Lists Home |
Date Index |
First I should say - just in case there's any doubt about it - that
though I am a member of the XML Core WG, this is just my personal
I don't really care about any of this stuff. I have little use for
anything but ASCII in XML names. Control characters rarely cause me
trouble. I don't use IBM mainframes. I have no wish to ever
normalize Unicode text. But the Core WG has been asked to consider
all these issues, which for most of us is just another chore. There's
only a very small group of people who find character set issues
interesting, and I'm not one of them.
In article <004301c1847b$8f696f20$01b7c0d8@AlletteSystems.com> Rick writes:
>By allowing any character in names, it means that we can have WF XML 1.1
>documents which merely opening in a text editor (even an editor for the
>document encoding) will corrupt with a well-formedness error: if people use
>characters in names which may be split at by automated line-wrapping. A
>markup language which safe practise is to *never* open an entity in a text
>editor? Excellent advance!
Evidently people don't want to be stuck with Unicode 2.1 for XML
Names. Now XML could either move to some newer version of Unicode, or
have some automatic mapping from Unicode character classes to name
characters, or just allow (almost) everything and say that it's not
the business of XML to deal with this sort of detail. The first two
both require parsers to change as Unicode changes; the third is a
once-and-for-all change - I think that's the main reason why it is
what has been proposed.
The issue of line-wrapping is not one I was aware of, and one purpose
of publishing Working Drafts is precisely to get feedback from experts
like Rick on such things. On the other hand, I would never use an
editor that line-wrapped *any* of my files with an explicit command.

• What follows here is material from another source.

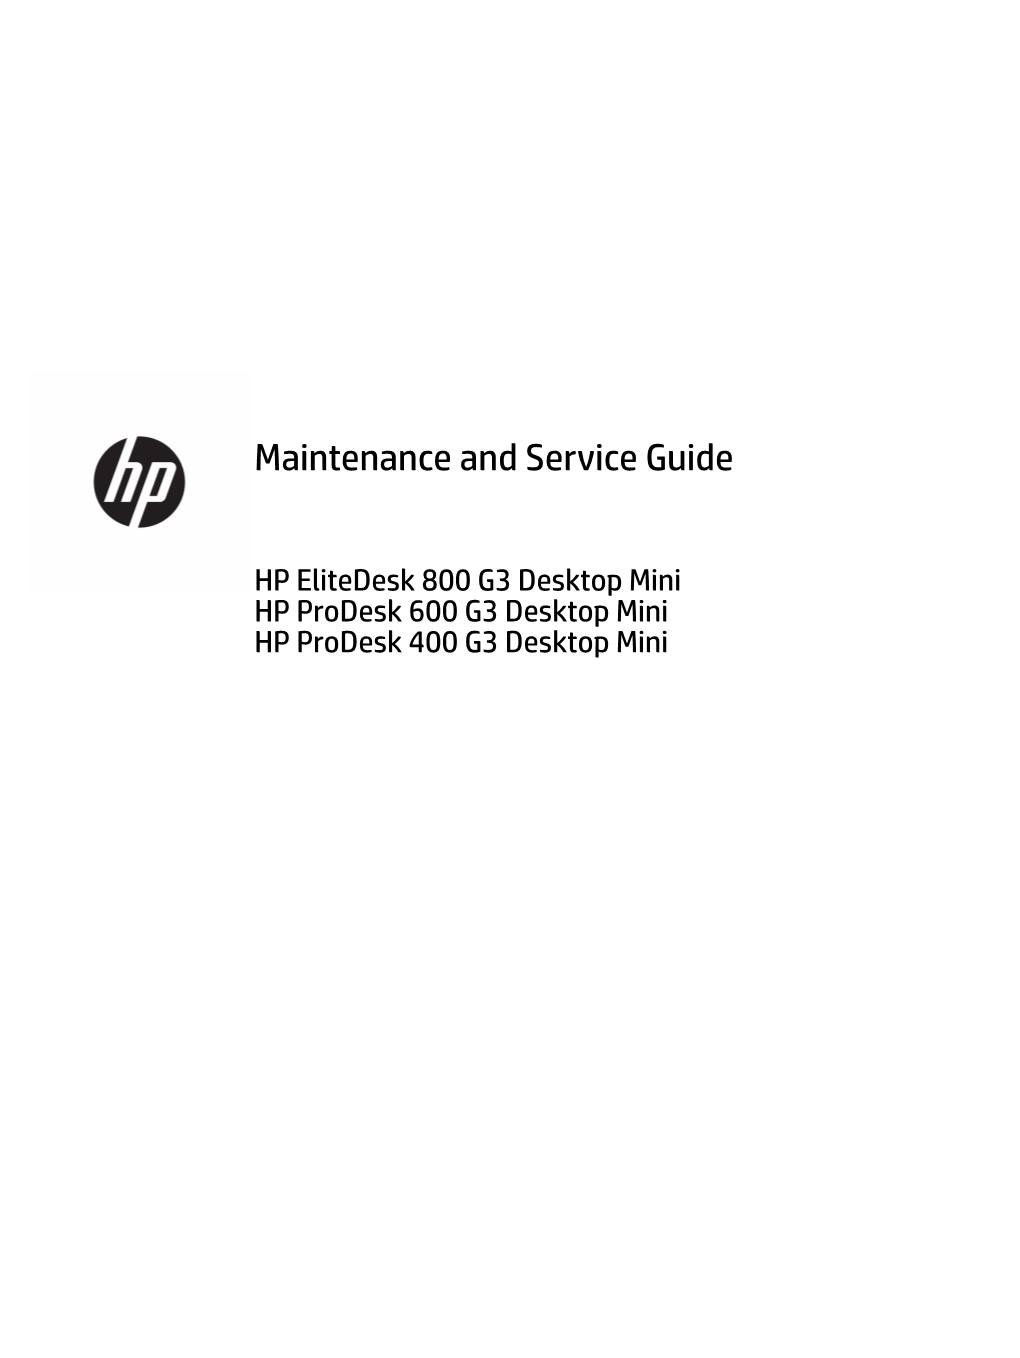 Maintenance and Service Guide HP Elitedesk 800 G3 Desktop Minihp

Do you really use such things on XML files? (I did once inadvertently
do fill-region on a Python program, which took an hour to fix.)
>I would guess that putting in Issue 18 and Issue 21 (should control
>be allowed? should 0x00 be allowed?) are just sacrificial lambs, put in to
>be removed later but not serious suggestions.

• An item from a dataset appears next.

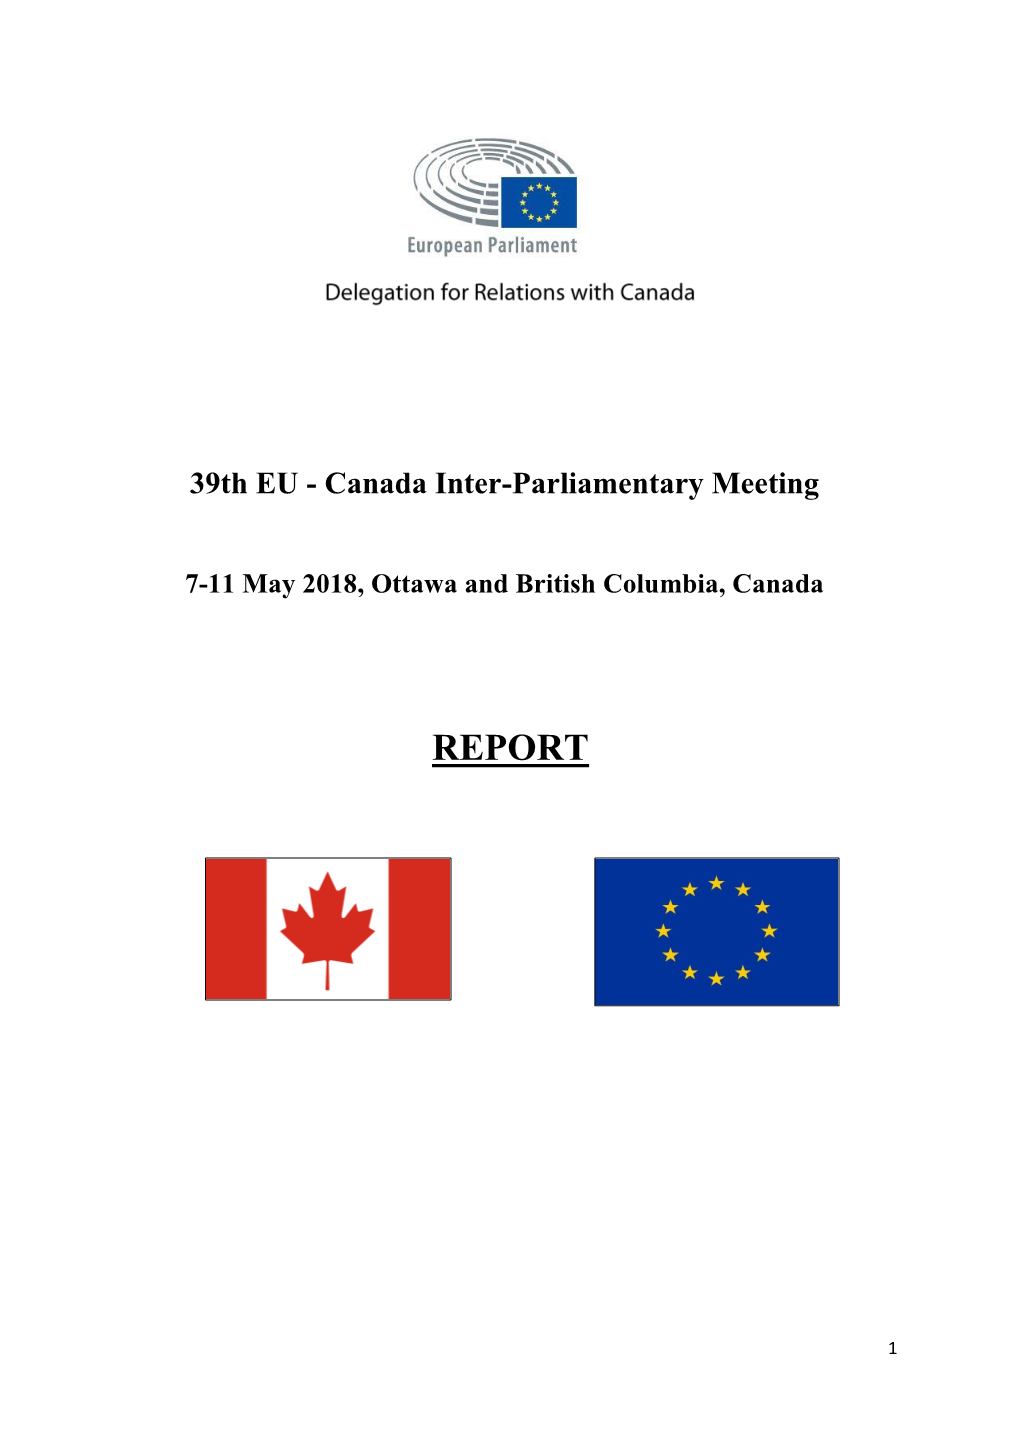 Report of the 39Th EU-Canada

Not really. They were both seriously proposed. I think the case of
nul is certain to be rejected; it was left in for completeness. But
there are many applications where it would be useful to include
control characters - you have only to look back at the archives of
this mailing list and comp.text.xml to see people asking for advice on
>A markup language which was unsafe to store in files
I don't know what you mean by that.
>or to transmit on serial lines
Really? I have often transmitted 8-bit data over serial lines.
>or as text/*?
If people want to include control characters in their data, they will
have that problem regardless of whether they mark it up in XML.
One possibility I have heard of is that control characters could be
allowed, but only as character references.
Your comment about "sacrificial lambs" seems to suggest that someone
is trying to push this through against public opposition. As far as I
am concerned, we are only doing this because people wnat it. In fact,
yours is the only such strong opposition I have heard.
>It would be interesting to speculate what principle causes characters to be
>considered whitespace: certainly it is not that all visible space should be
>whitespace (one sensisble rule) or that only ASCII should be space.
>Why is not just mapping NEL to #A on input enough to satisfy the IBM
Enything mapped to #A on input should also be a whitespace character,
so that it behaves consistently if it appears as a character reference
in an internal entity. 2028 has been added because it has Unicode
backing as a universal line separator.
>This gives us a markup language in which all markup a WF document could look
>by inspection as if every character is ASCII but could not be serialized out
>to ASCII. because of NELs or LS characters.
Unicode is full of characters that look like ASCII but aren't. Most
of the Greek capitals for example.
>Another great joke is to "simplify" the naming rules to free a parser from
>having to worry about future upgrades to Unicode, but then requiring
>Normalized data (and suggesting it should be an error): surely this just
>ties the parser to having to know a particular version of Unicode to know
>which normalization rules to use!
I think most parser writers don't want to have to check for
normalization; it is the i18n people who are pressing for this. I
agree that this seems to either argue against normalization or weaken
the case for allowing all characters in names. Or is it intended that
future Unicode additions won't change the normalization rules?